As a proud Vermont chauvinist, I feel compelled to point out that, contrary to your assertion in your first story in the States of Debate series ("Lone Star," May 2010), three U.S. states have been sovereign nations — Hawaii, Texas and Vermont. Vermont was an independent, self-governed republic for a period of time immediately following the Revolutionary War, I believe from 1777 to 1791.
Kate Davie, Librarian Blue Mountain Union School, Wells River, Vt.
Former Ala. Teacher Speaks Out
Regarding your rural school story ("Persuading Teachers to Go Rural," June 2010), Bering Strait (Alaska) School District does not have any difficulty finding new teachers to replace those of us who leave. Statistically it may be a fact that many teachers are due to retire, but I believe many teachers are continuing to teach (partly because of the poor economy), and those who retire are not being replaced.
As for BSSD's recruitment, I smile when I read about the incentive pay to stay with the district three to seven years. While the facts are absolutely correct (and I received my $3,000 bonus), the devil is in the details.
We rent housing from the district, which is deducted directly from our paychecks even if we are not there to use it during the summer months. Rent is "subsidized," so we are made to believe we are getting a deal when we sign up.
Further, while the district does have excellent health insurance coverage, it is practically useless because there are no doctors or dentists at most sites, and to use it one has to fly at great expense off site. The insurance will pay for travel to and from a hospital for medical emergencies or necessities, but only twice a year.
The district is trying to do some things, such as get new housing, but one size does not fit all.
The most frequent question I got from new teachers was "Why did you come back?" The major reason was that I really thought I could make a difference (and I do believe I did, albeit with only a handful of students). Despite the hardships, it was fascinating.
I'm so glad I stayed for an entire summer on the island getting to know the people in a way that few teachers ever do. I felt a part of the community, and they welcomed me as one of theirs.
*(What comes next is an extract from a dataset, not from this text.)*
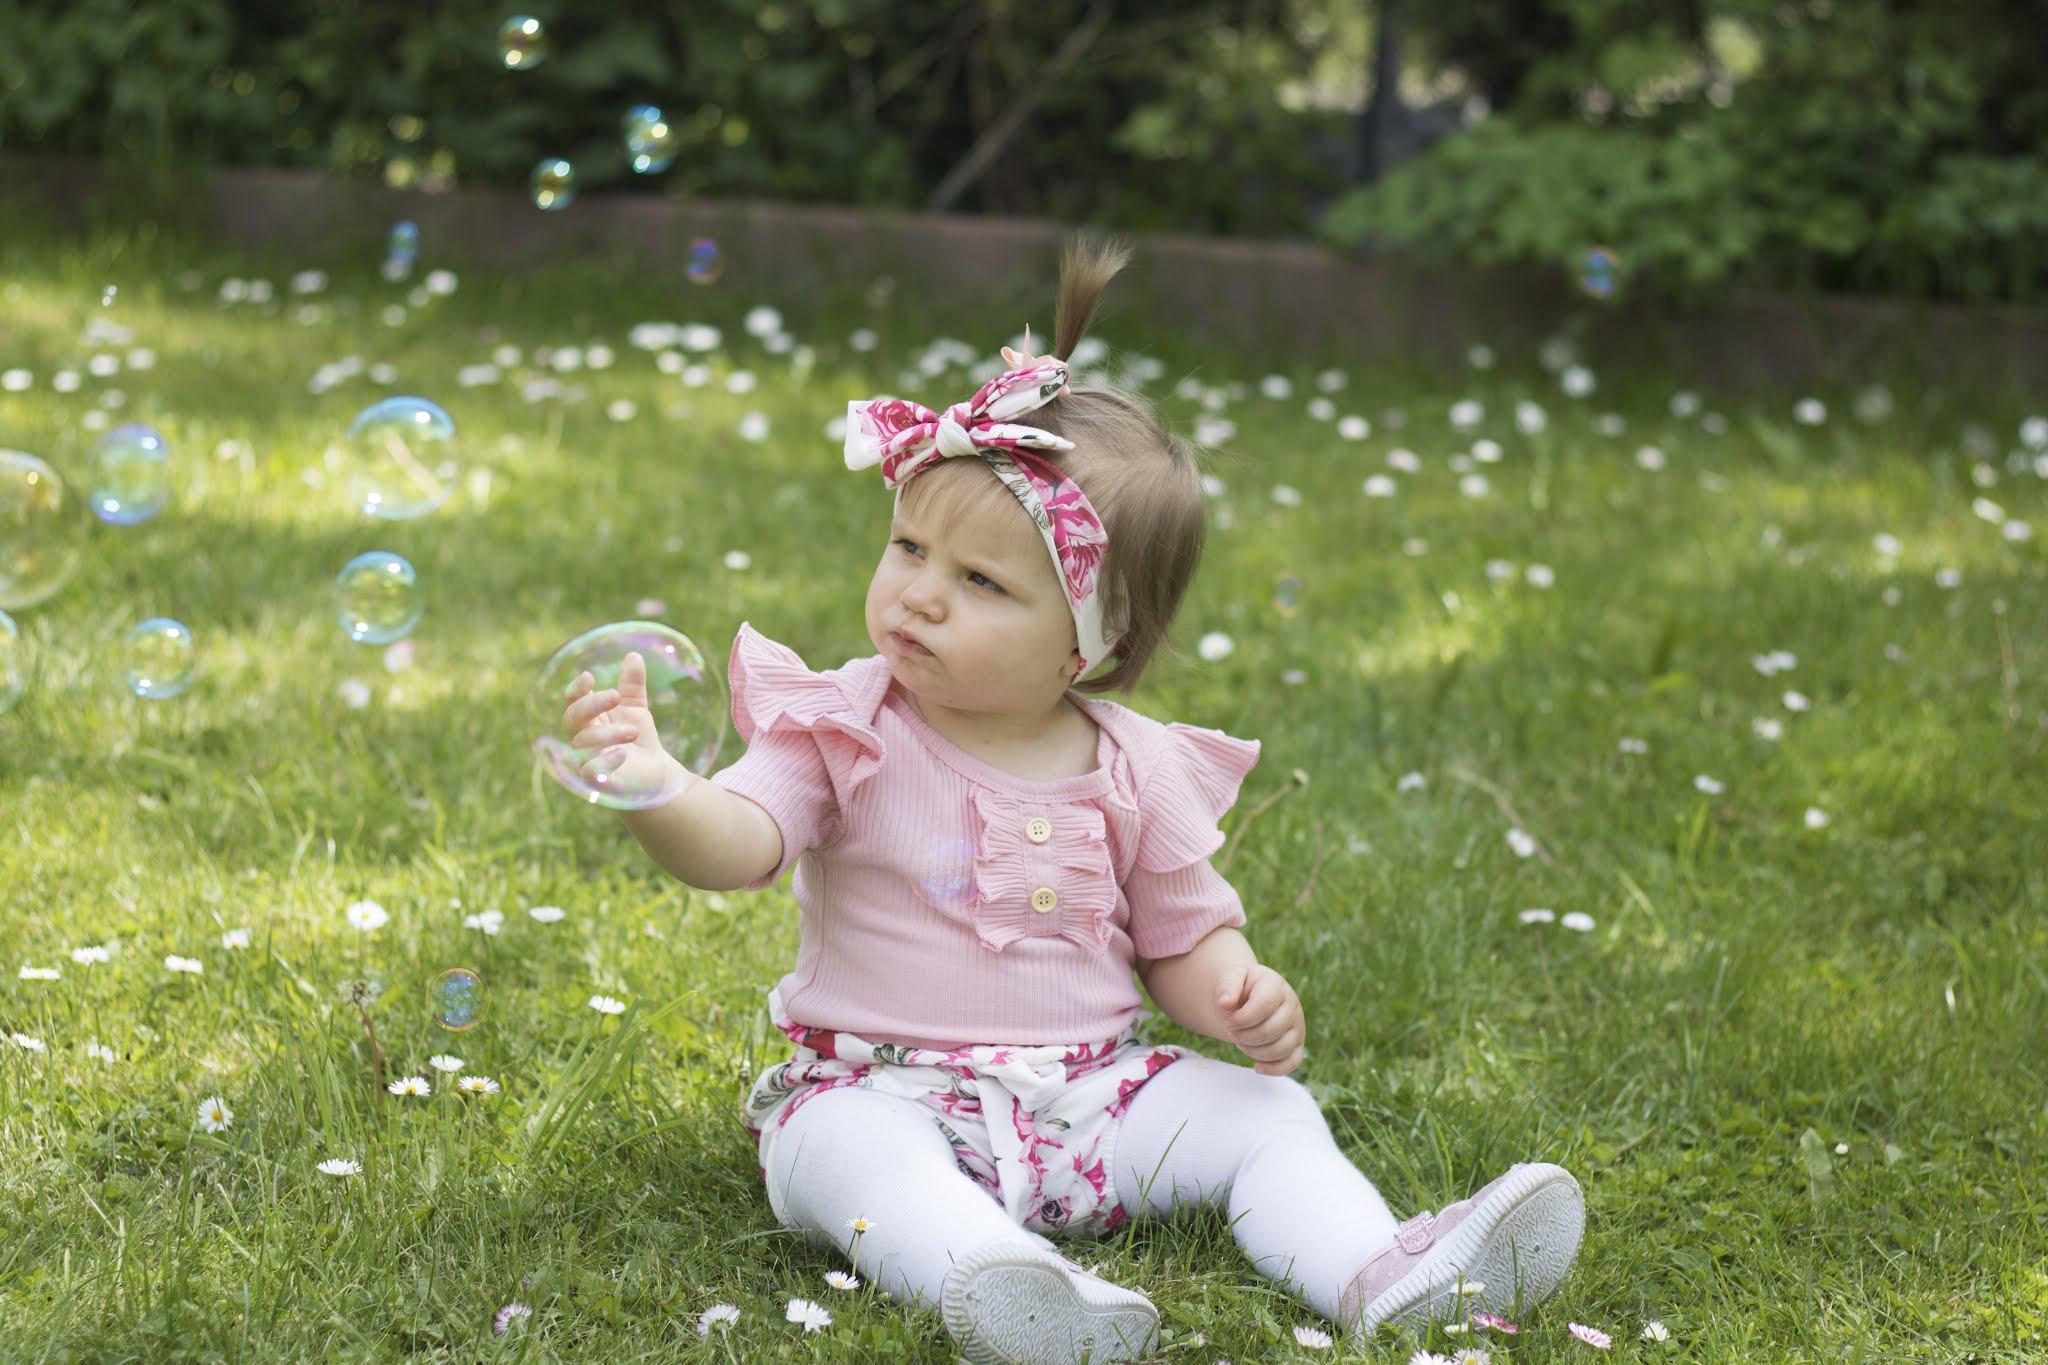 Kilka ujęć! - moja siostrzenica Kaja
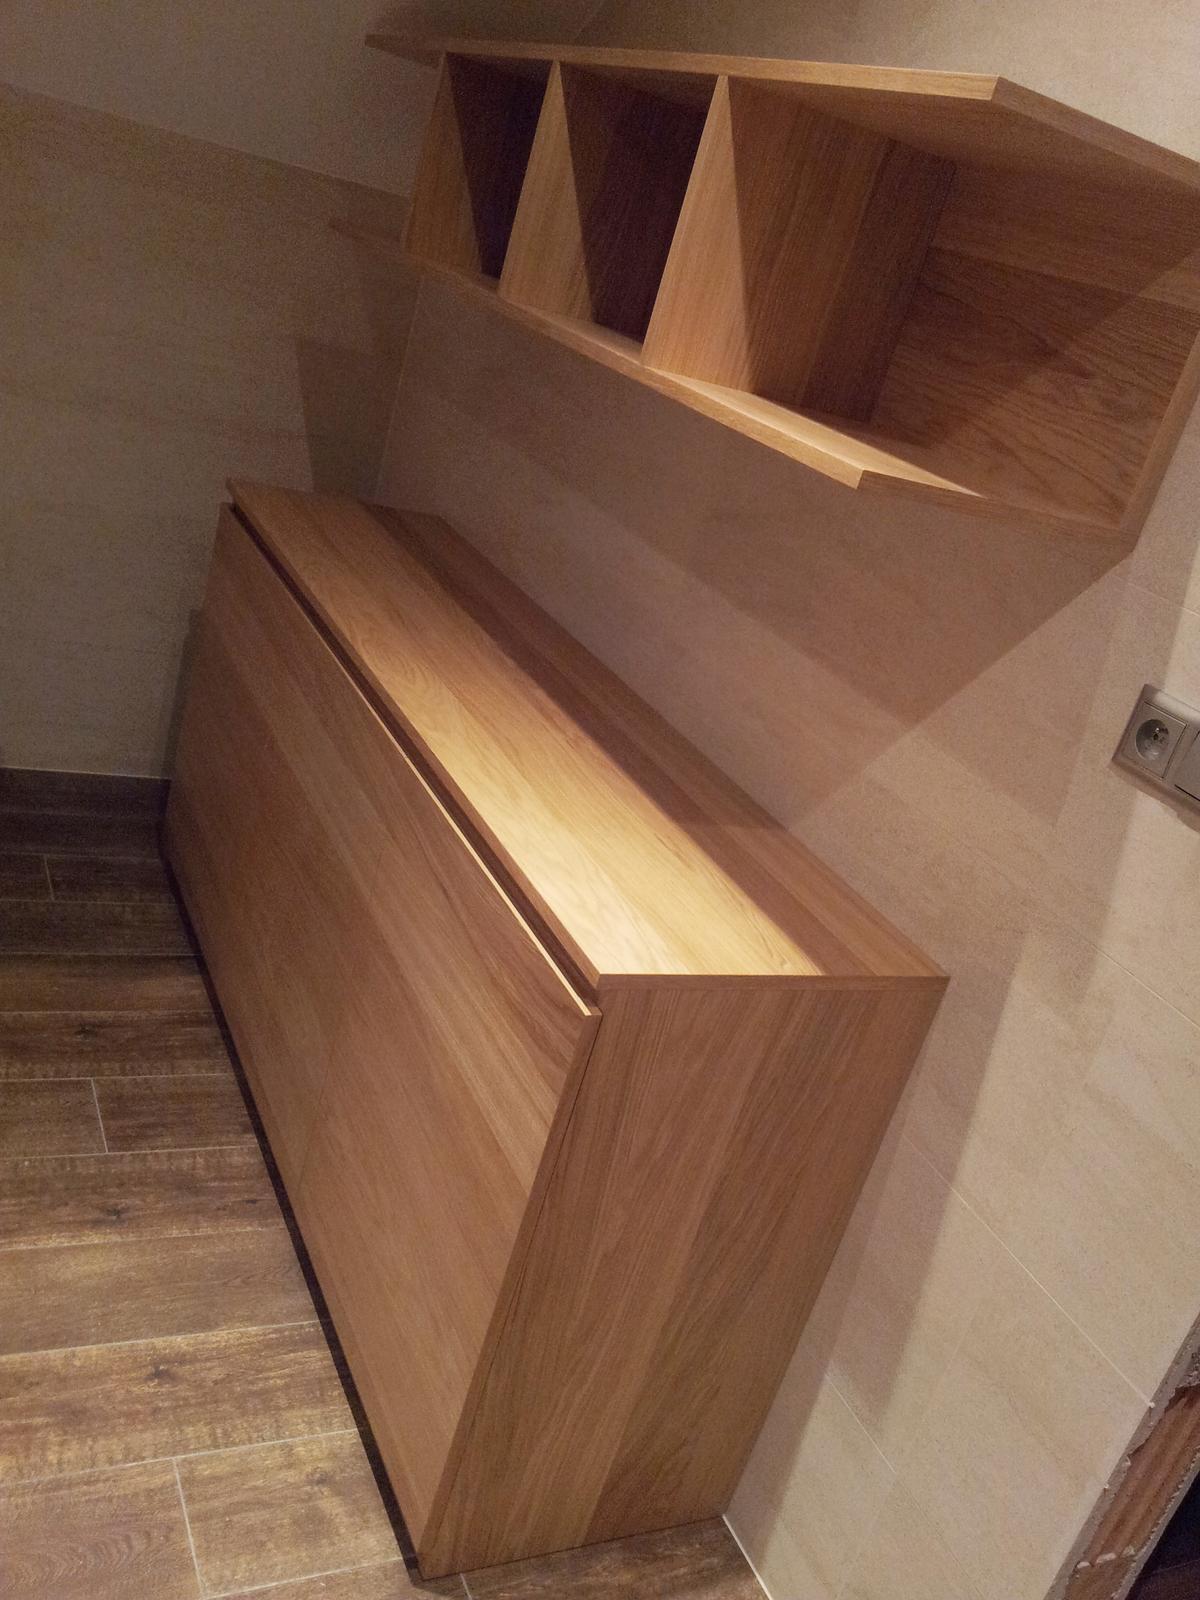 Dizajn a výroba nábytku na mieru Cubica - Kúpeľňová skrinka s policou na uteráky - dub prírodný - dizajn a výroba cubica

Cynthia Marx, former teacher, Bering Strait (Alaska) School District
Recovering Credit in Michigan
An article about credit recovery ("Reaching Graduation with Credit Recovery," October 2009) showed the variety of ways that districts are looking to attack this need.
I have developed a program that has shown great success with our urban population, which includes 75-80 percent of the students using free and reduced lunch, a 50+ percent transient rate and a growing ELL population. We use the program so students can retain credit as well as earn back lost credits. All students use it, including honor students, special education students, transient students and ELLs.
Our program uses many methods mentioned in the article, so I can use that to show that other districts have seen success. I have presented the steps of how to develop a program similar to ours to over 300 schools in the state of Michigan. The program has been well received: (1) It uses existing resources in the district, (2) it can be modified to work with any curriculum and student population, (3) it is set up so that the classroom teacher has the final say in the credit, (4) it is immediately accessible to students, and (5) it gives the students a method to be successful and puts the responsibility on them.
Jerry Czarnecki, teacher, Kelloggsville High School, Grand Rapids, Mich.